# Bias-Variance Tradeoff

In [1]:
from seaborn import load_dataset
from sklearn.linear_model import LinearRegression
from sklearn.model_selection import train_test_split
from sklearn.metrics import mean_squared_error
import numpy as np
from sklearn.preprocessing import PolynomialFeatures

In [2]:
cars = load_dataset('mpg',
                    usecols=['mpg', 'cylinders',
                            'displacement', 'horsepower',
                            'weight', 'acceleration',
                            'model_year']).dropna()
cars.head()

Unnamed: 0,mpg,cylinders,displacement,horsepower,weight,acceleration,model_year
0,18.0,8,307.0,130.0,3504,12.0,70
1,15.0,8,350.0,165.0,3693,11.5,70
2,18.0,8,318.0,150.0,3436,11.0,70
3,16.0,8,304.0,150.0,3433,12.0,70
4,17.0,8,302.0,140.0,3449,10.5,70


In [3]:
X = cars.drop('mpg', axis=1)
y = cars['mpg']

In [4]:
train_mses = []
val_mses = []
for rs in range(10):
    X_train, X_val, y_train, y_val =\
    train_test_split(X, y, random_state=rs)

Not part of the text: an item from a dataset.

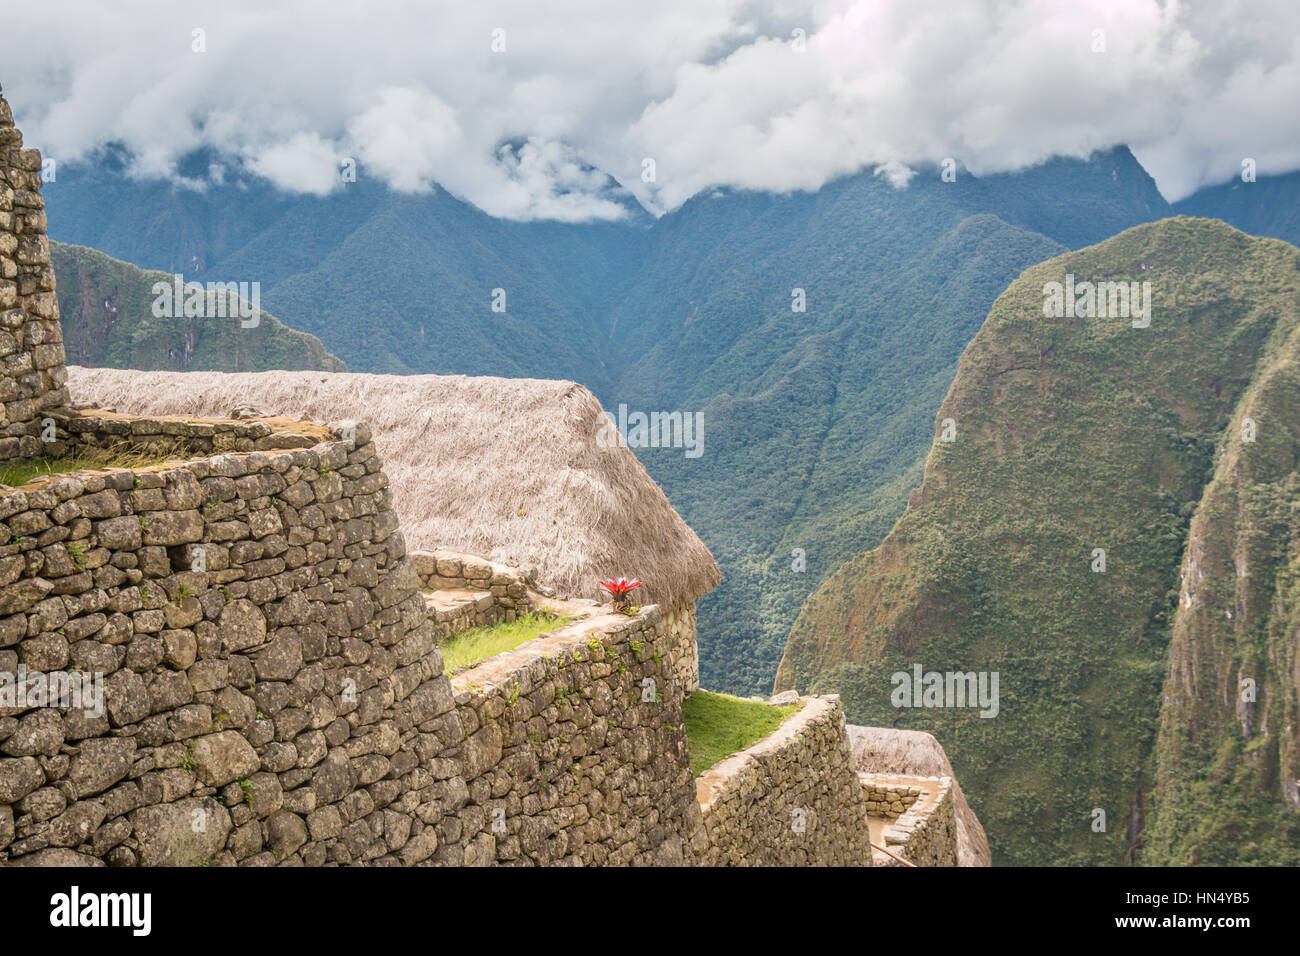 Machu Picchu ruins Stock Photo

    tr_preds = (y_train.mean() * np.ones(len(y_train))).reshape(-1, 1)
    train_mses.append(mean_squared_error(tr_preds,
                                         y_train))
    val_preds = (y_train.mean() * np.ones(len(y_val))).reshape(-1, 1)
    val_mses.append(mean_squared_error(val_preds,
                                       y_val))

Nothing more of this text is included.